Nothing but the lines below from the one that contains "Maison Passive en" through the one that contains "Antichi affreschi a" should be retyped, exactly and including both ends. Do not include pictures.
┌─ DATA EXCERPTS
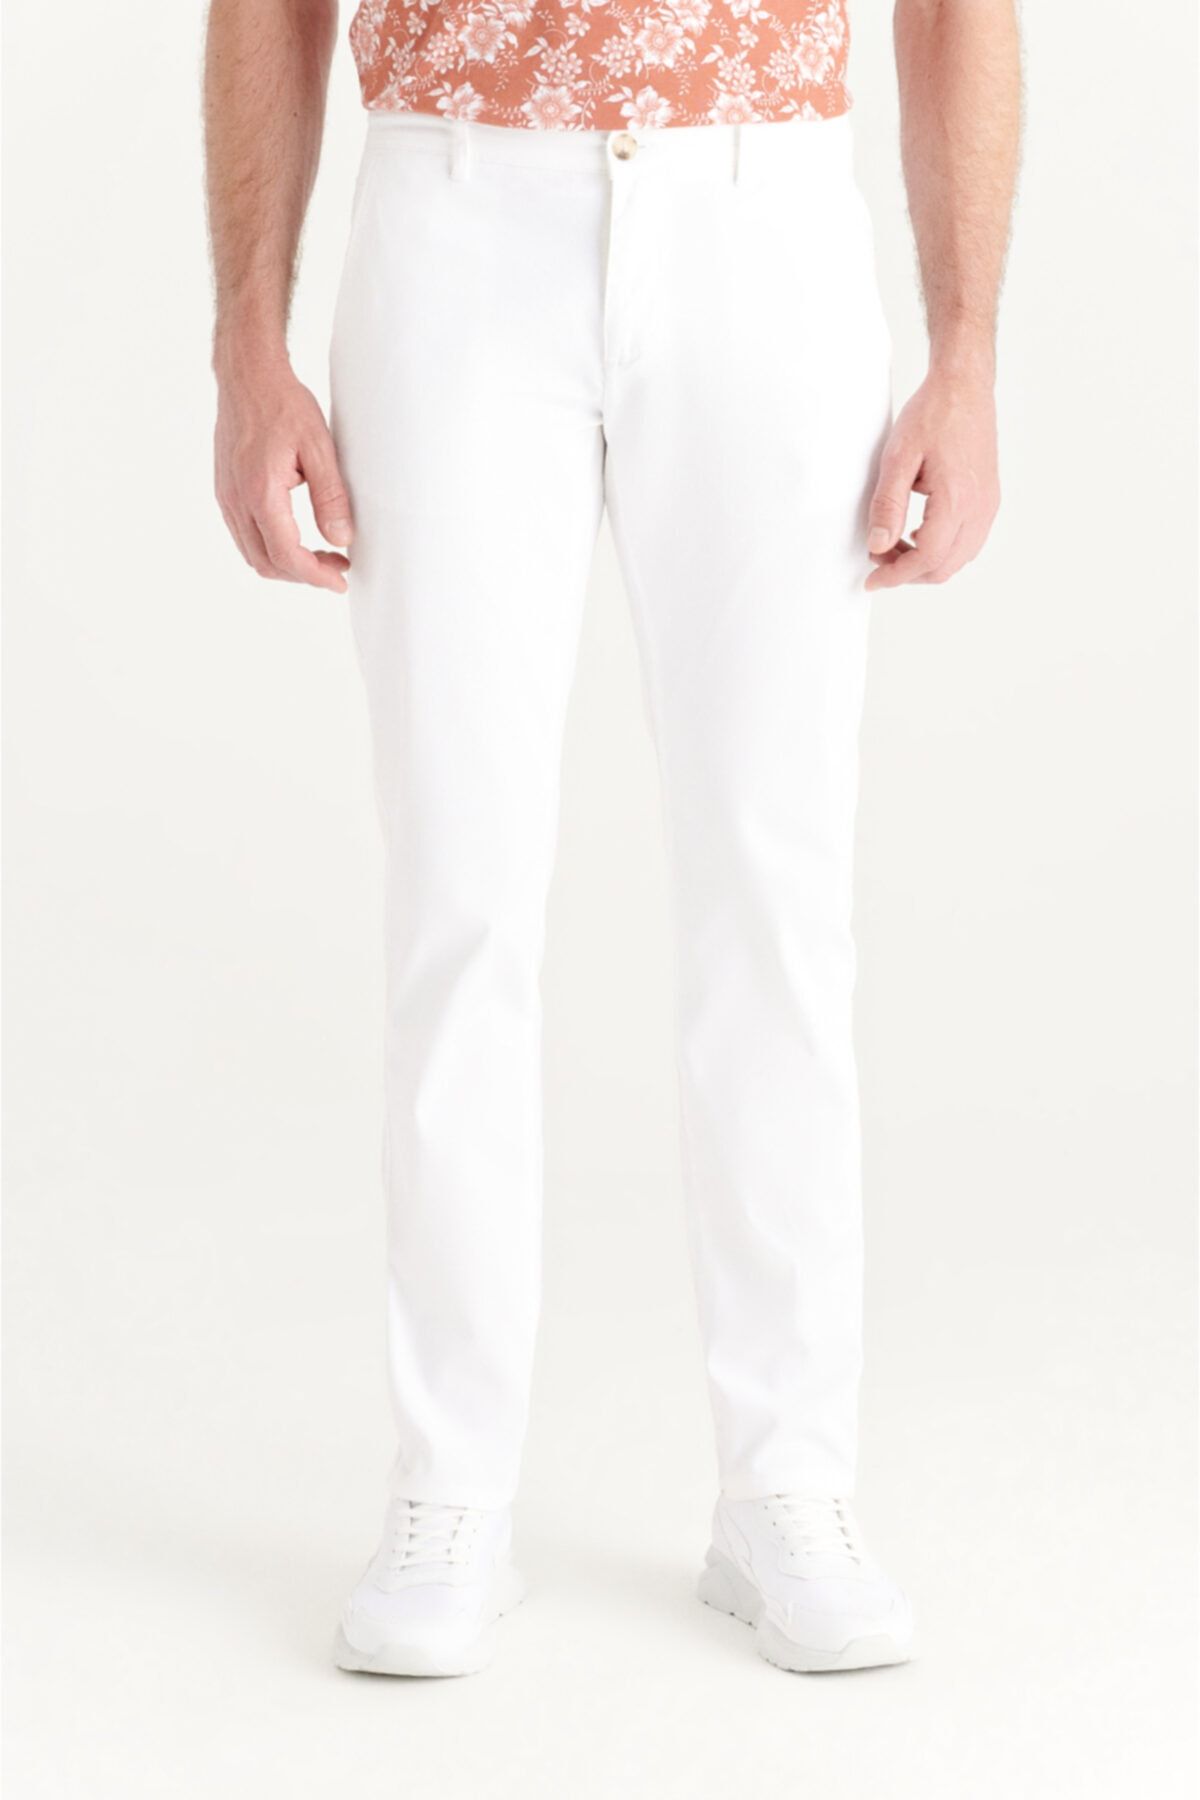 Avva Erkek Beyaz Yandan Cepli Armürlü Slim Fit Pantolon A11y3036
└─
┌─ DATA EXCERPTS
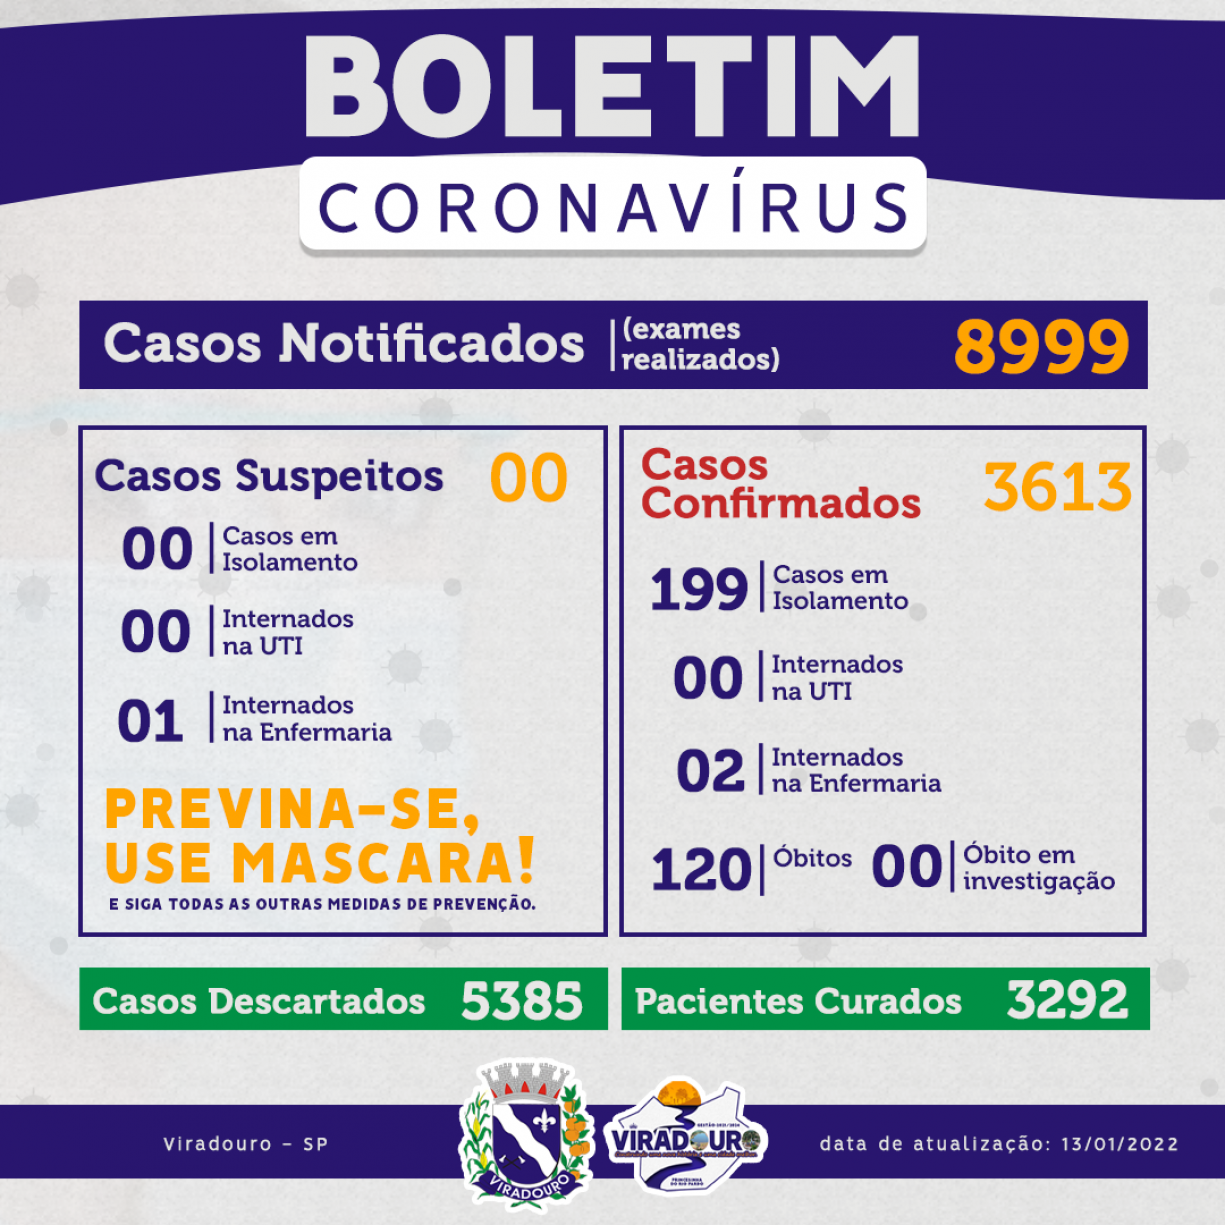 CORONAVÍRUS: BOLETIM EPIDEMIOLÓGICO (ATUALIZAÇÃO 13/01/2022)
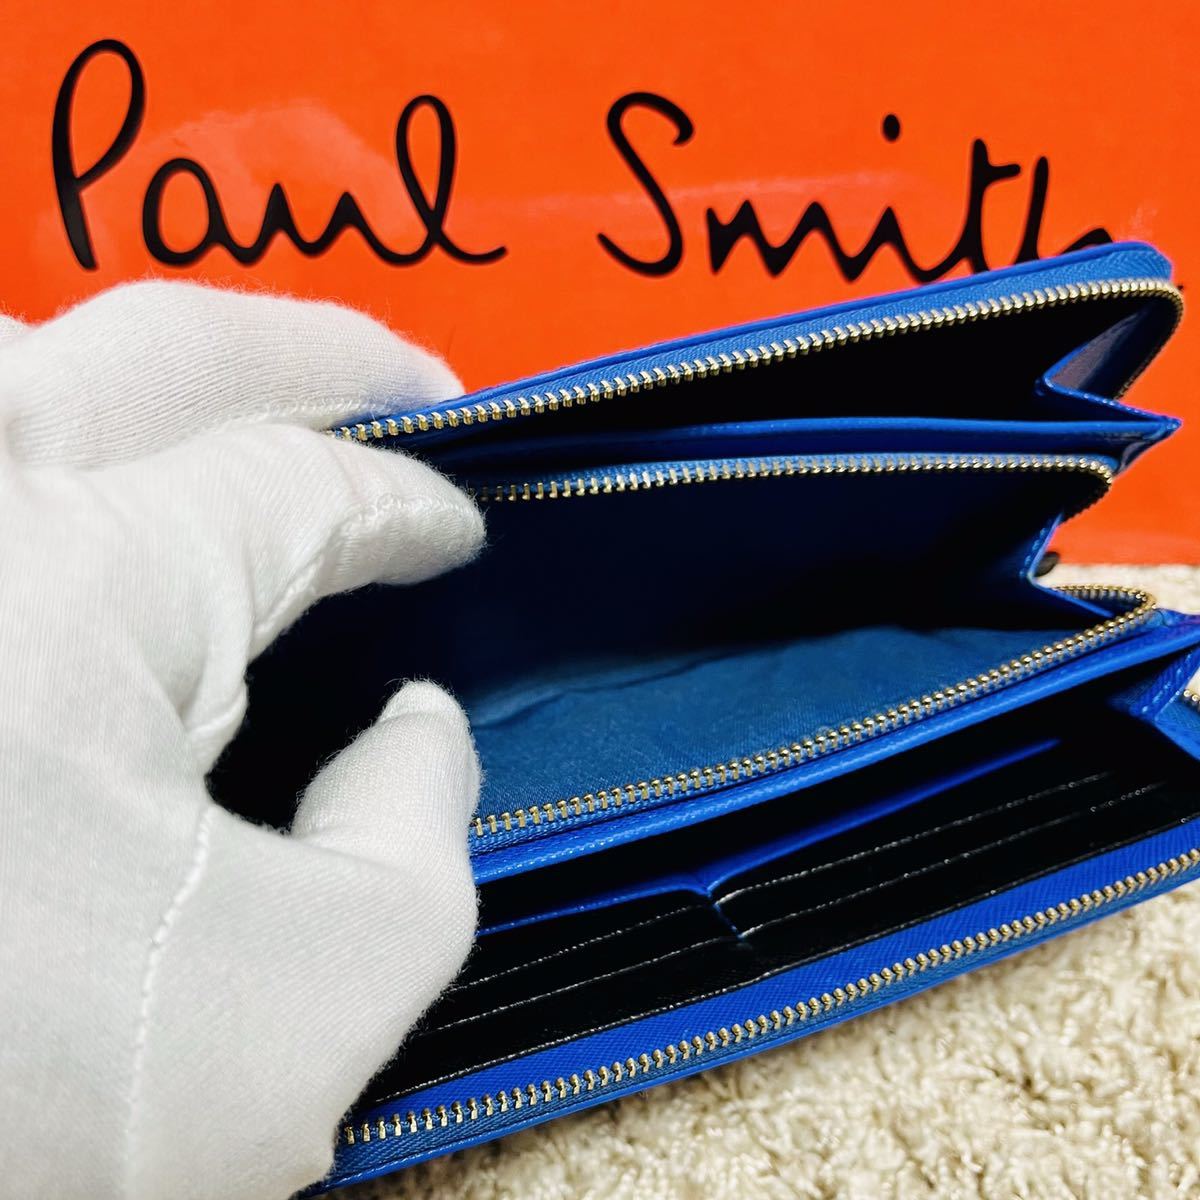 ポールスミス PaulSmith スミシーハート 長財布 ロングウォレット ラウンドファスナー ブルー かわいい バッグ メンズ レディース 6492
└─
┌─ DATA EXCERPTS
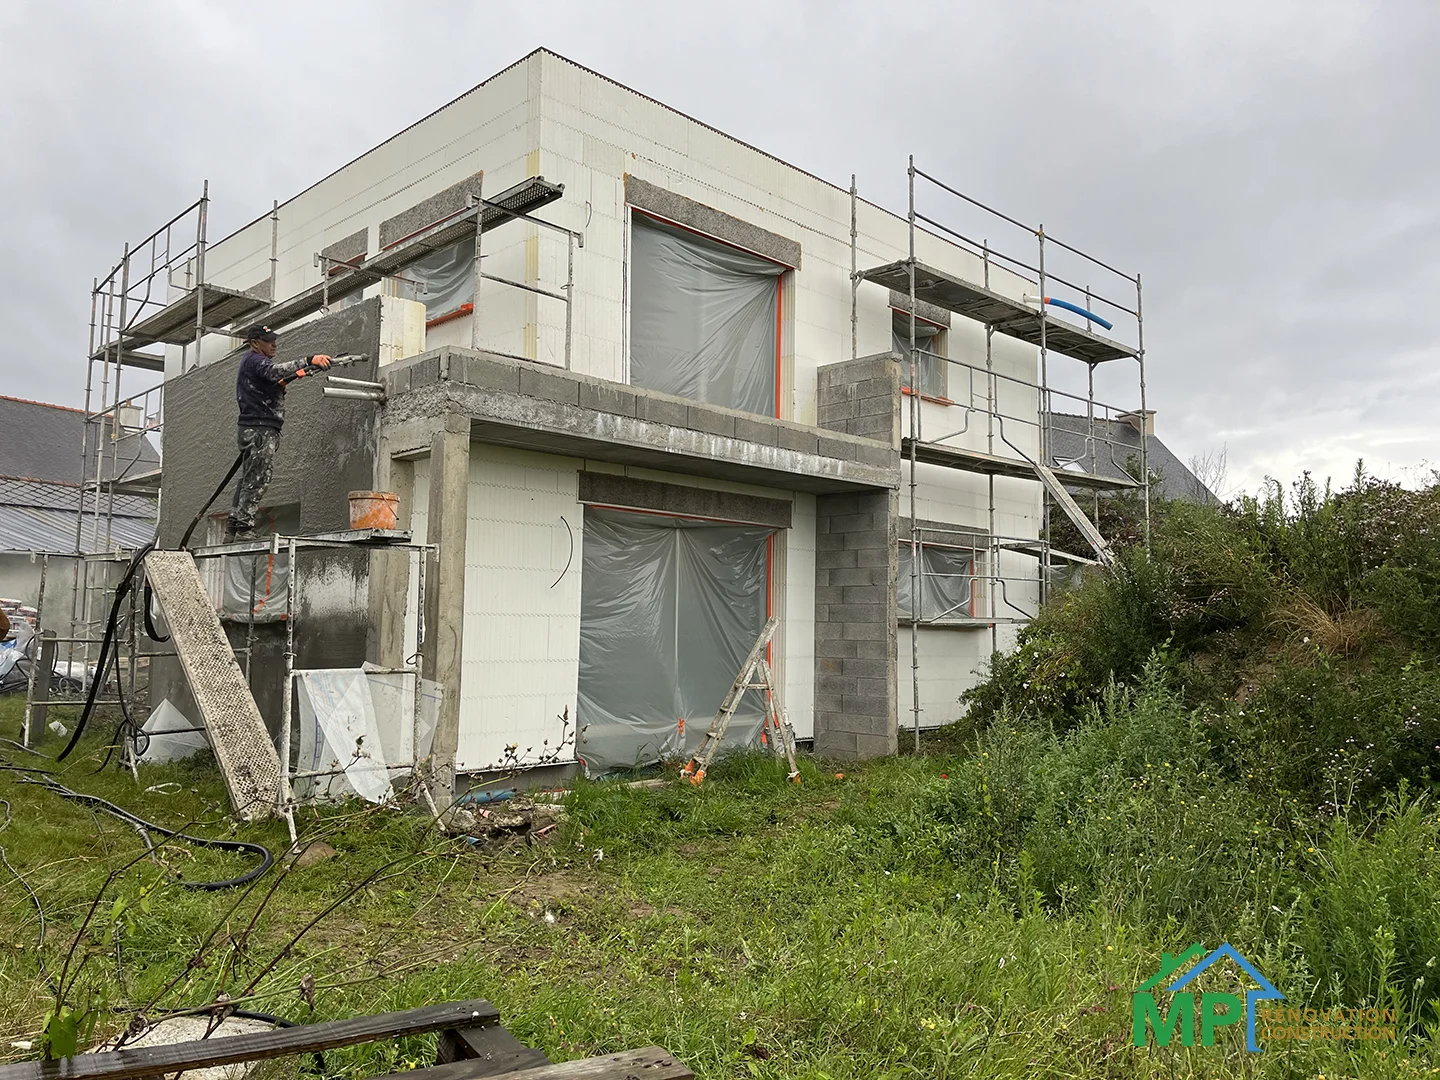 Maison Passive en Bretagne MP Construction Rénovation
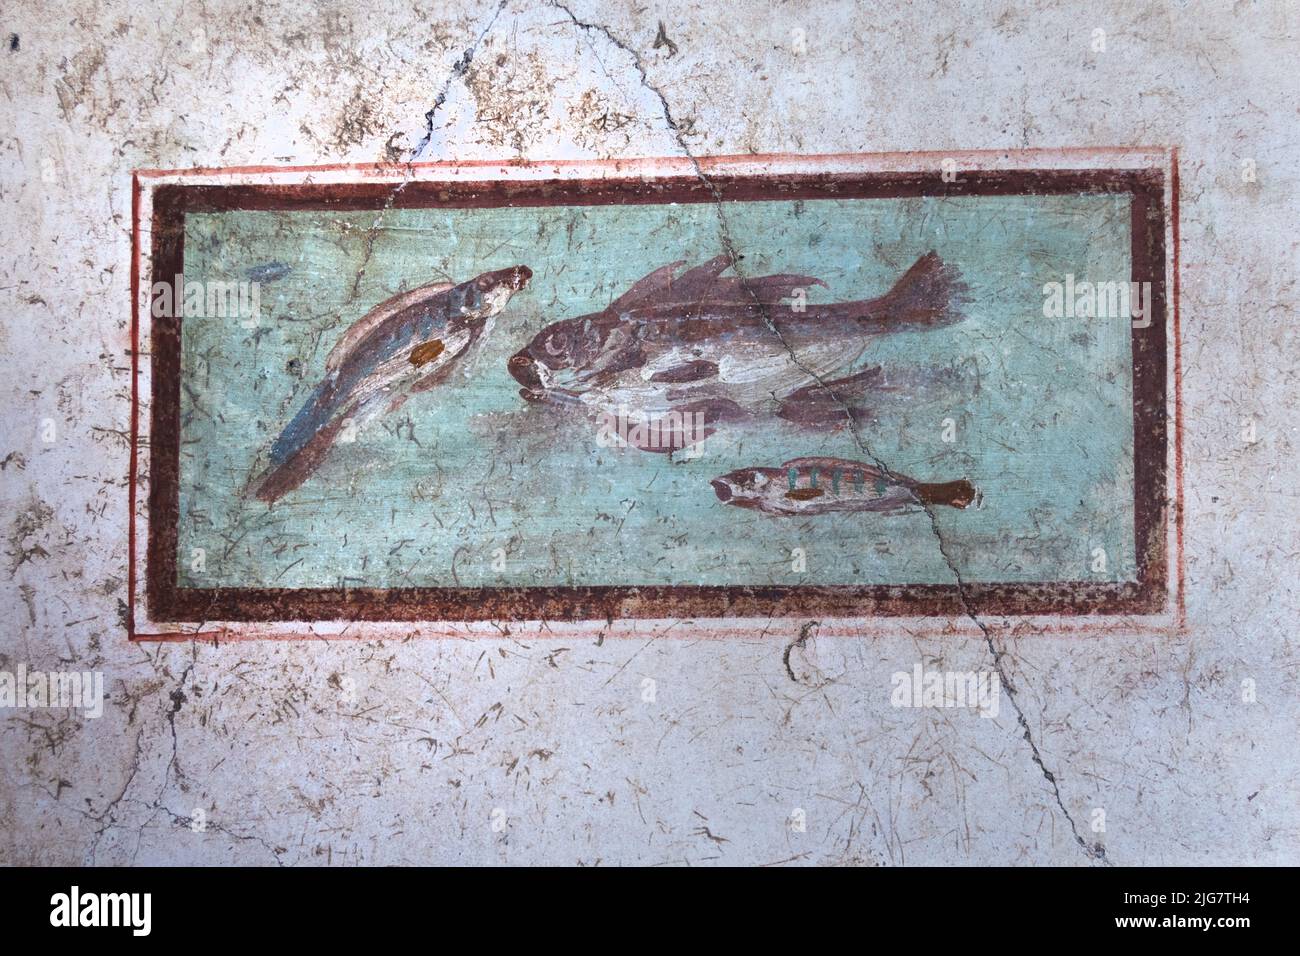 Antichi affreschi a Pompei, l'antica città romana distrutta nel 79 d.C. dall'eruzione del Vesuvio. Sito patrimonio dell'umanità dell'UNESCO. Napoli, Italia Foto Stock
└─
» SOLUTION FOR THIS PROBLEM
 Maison Passive en Bretagne MP Construction Rénovation
 Antichi affreschi a Pompei, l'antica città romana distrutta nel 79 d.C. dall'eruzione del Vesuvio. Sito patrimonio dell'umanità dell'UNESCO. Napoli, Italia Foto Stock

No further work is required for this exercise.